- [Records to use]:
▶

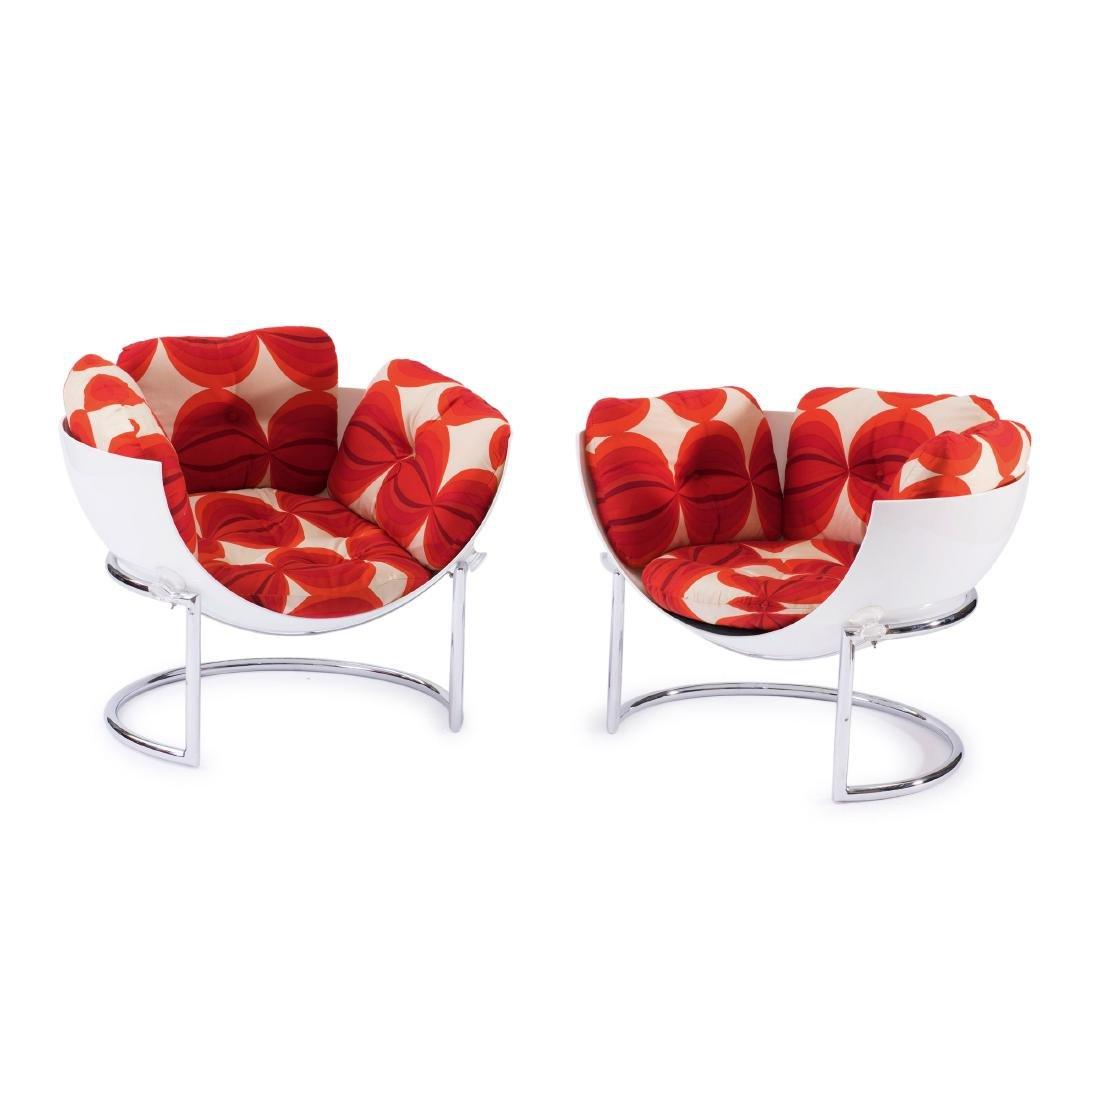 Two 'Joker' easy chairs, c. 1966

◀
▶

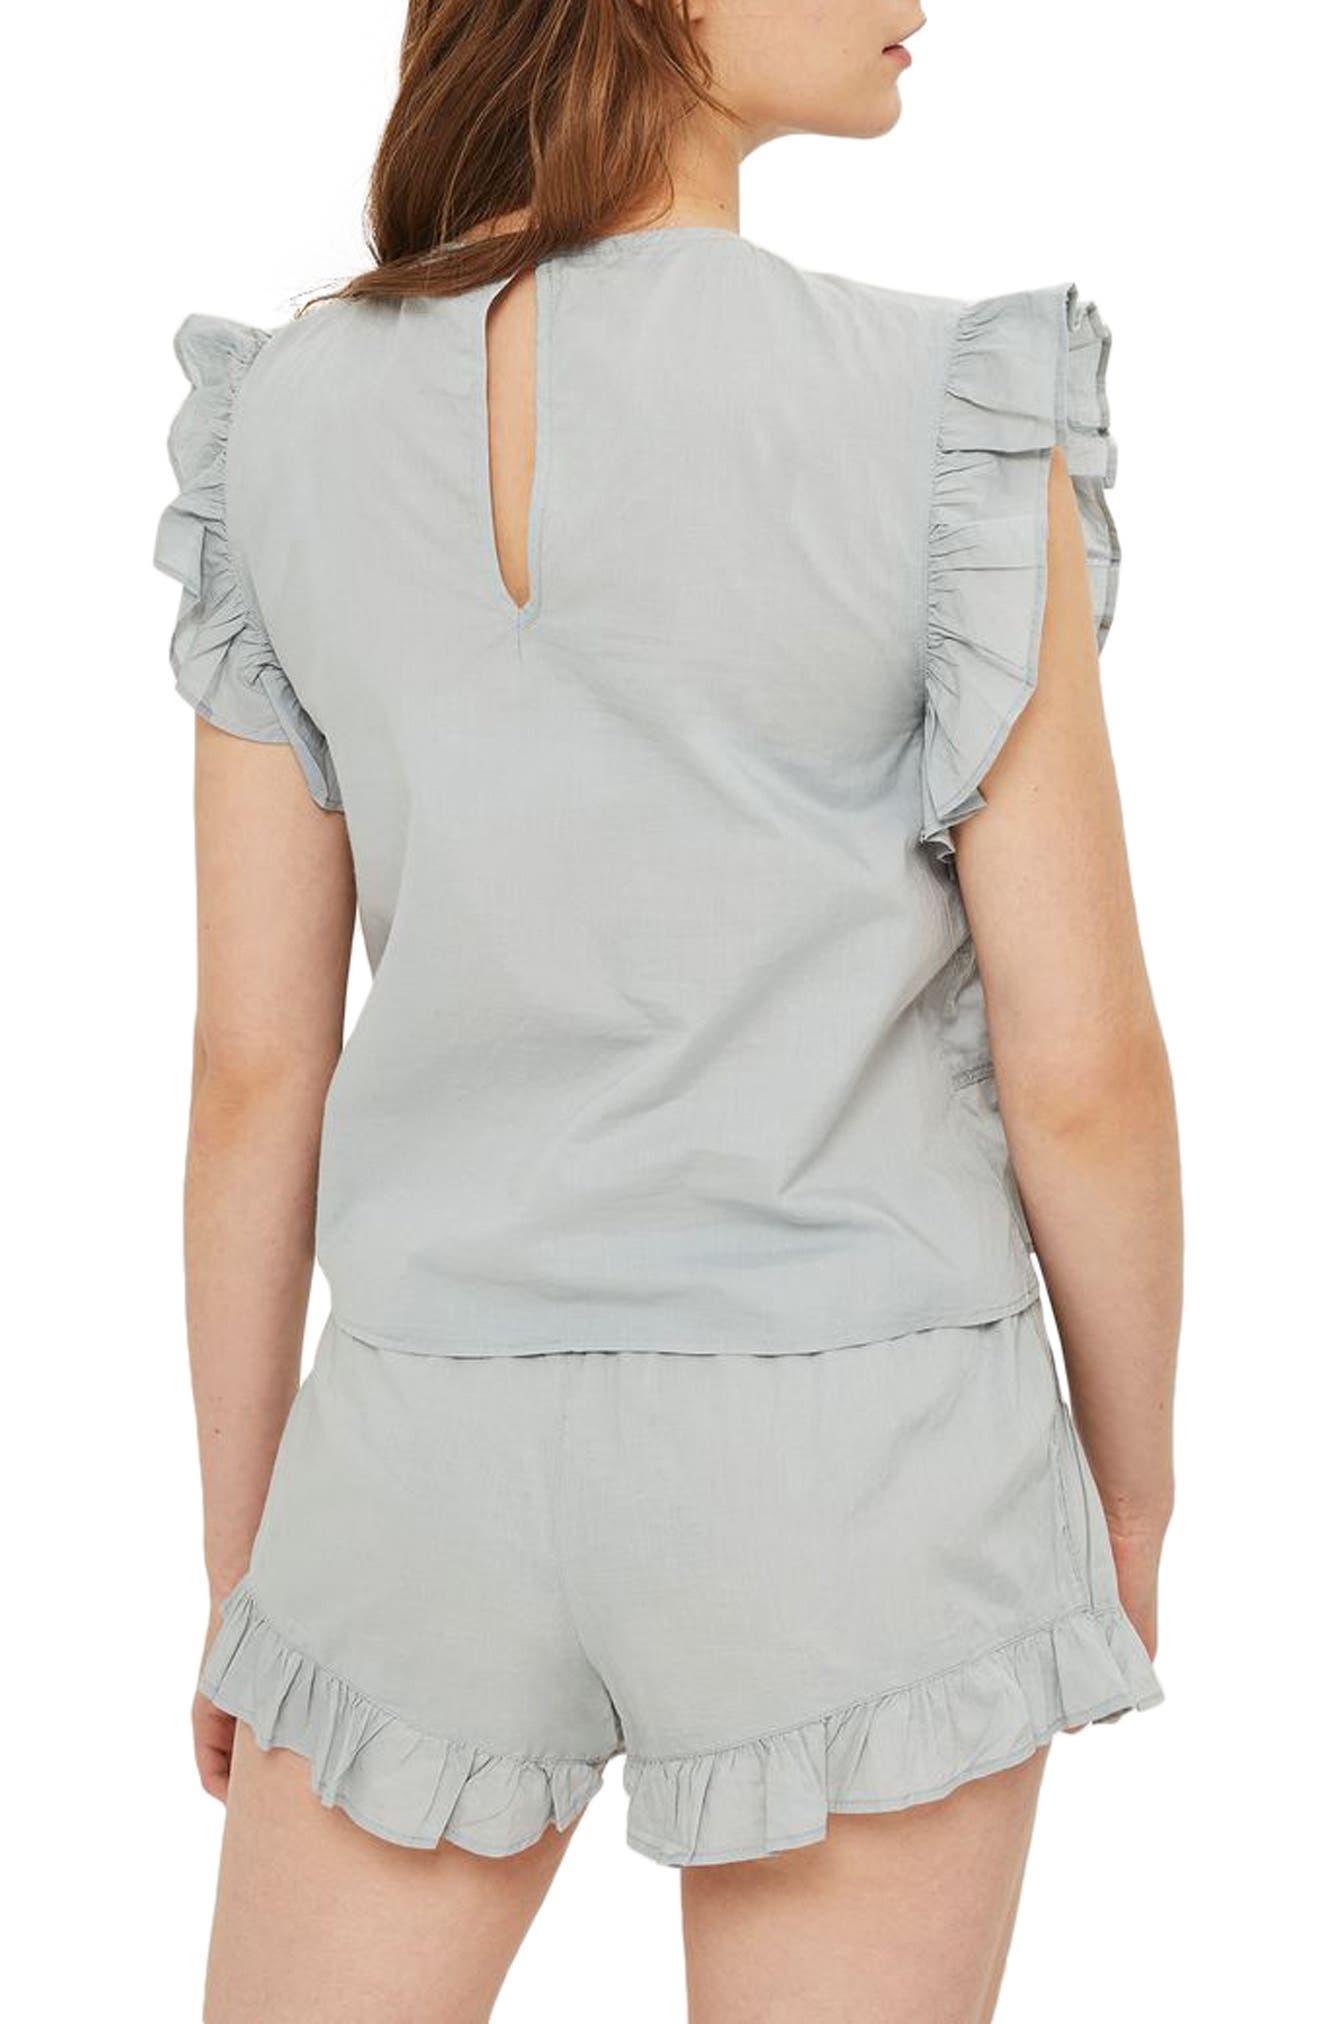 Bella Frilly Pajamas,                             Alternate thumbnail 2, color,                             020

◀
▶

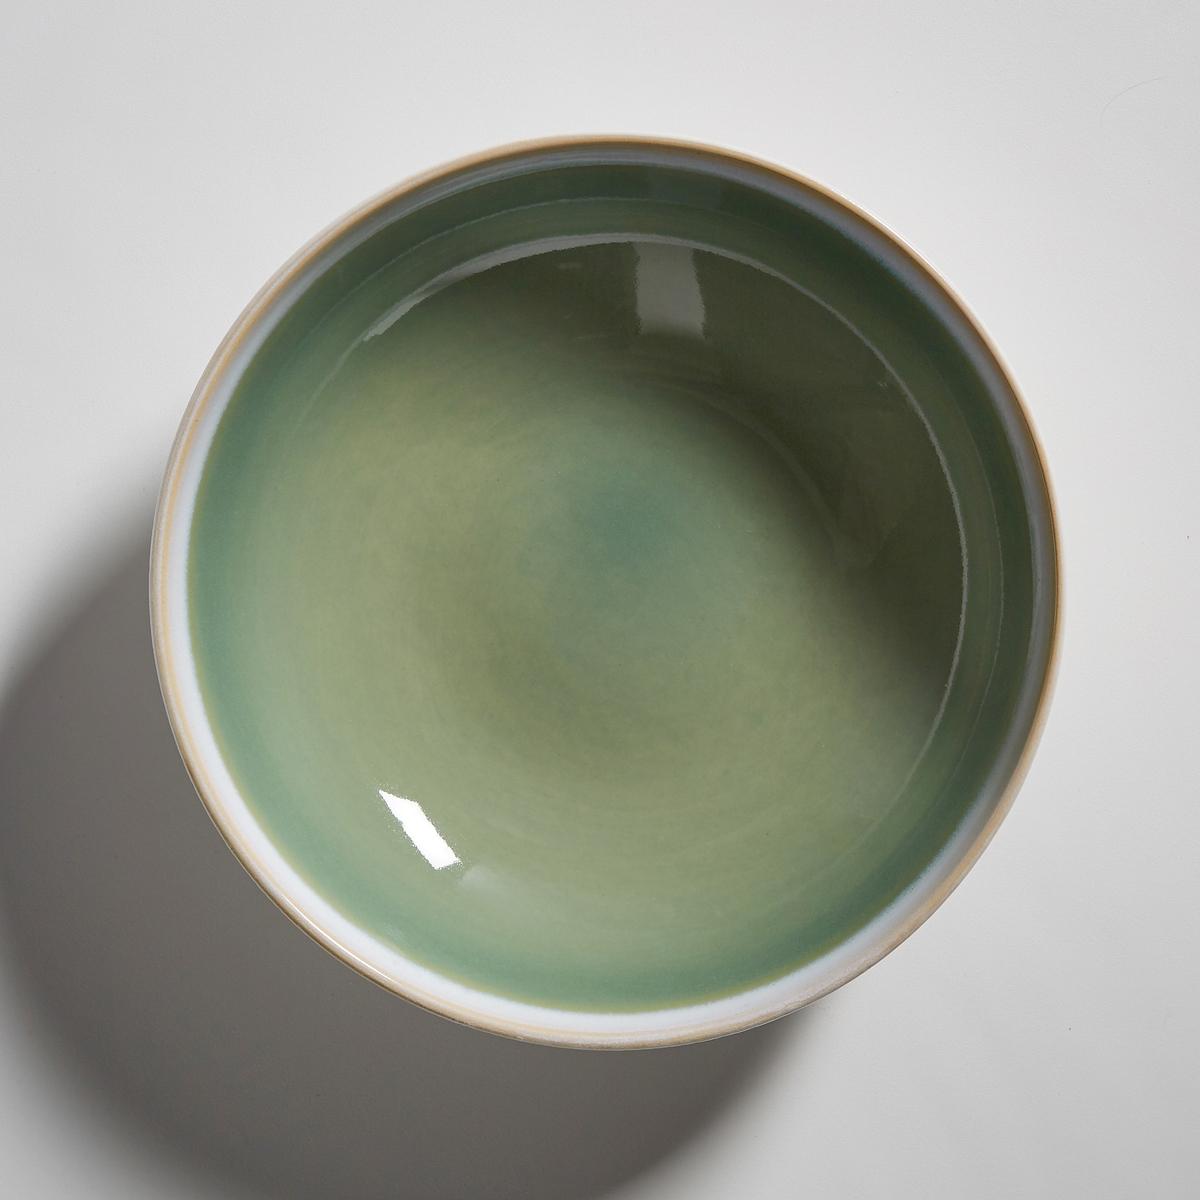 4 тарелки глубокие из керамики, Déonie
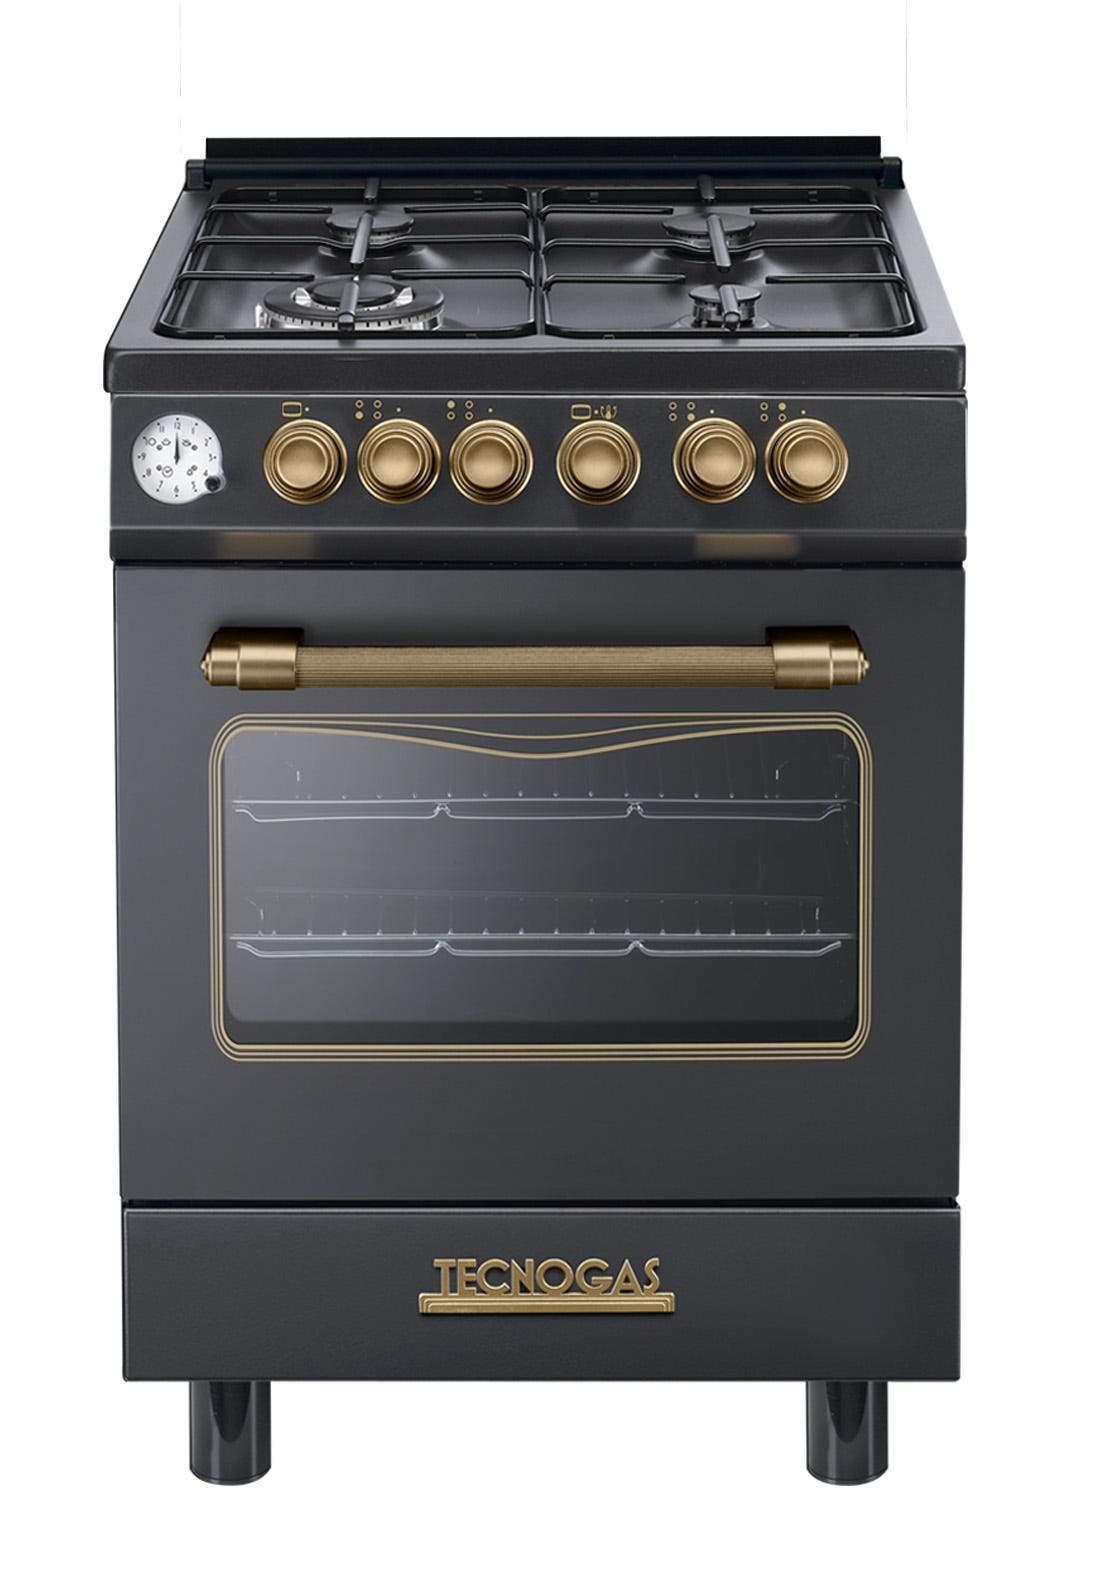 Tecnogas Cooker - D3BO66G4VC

◀

- [Assigned task]:
What you return must match, character for character, the lines above from the one with "4 тарелки глубокие из керамики, Déonie" through the one with "Tecnogas Cooker - D3BO66G4VC", minus any pictures.

- [Exercise response]:
 4 тарелки глубокие из керамики, Déonie
 Tecnogas Cooker - D3BO66G4VC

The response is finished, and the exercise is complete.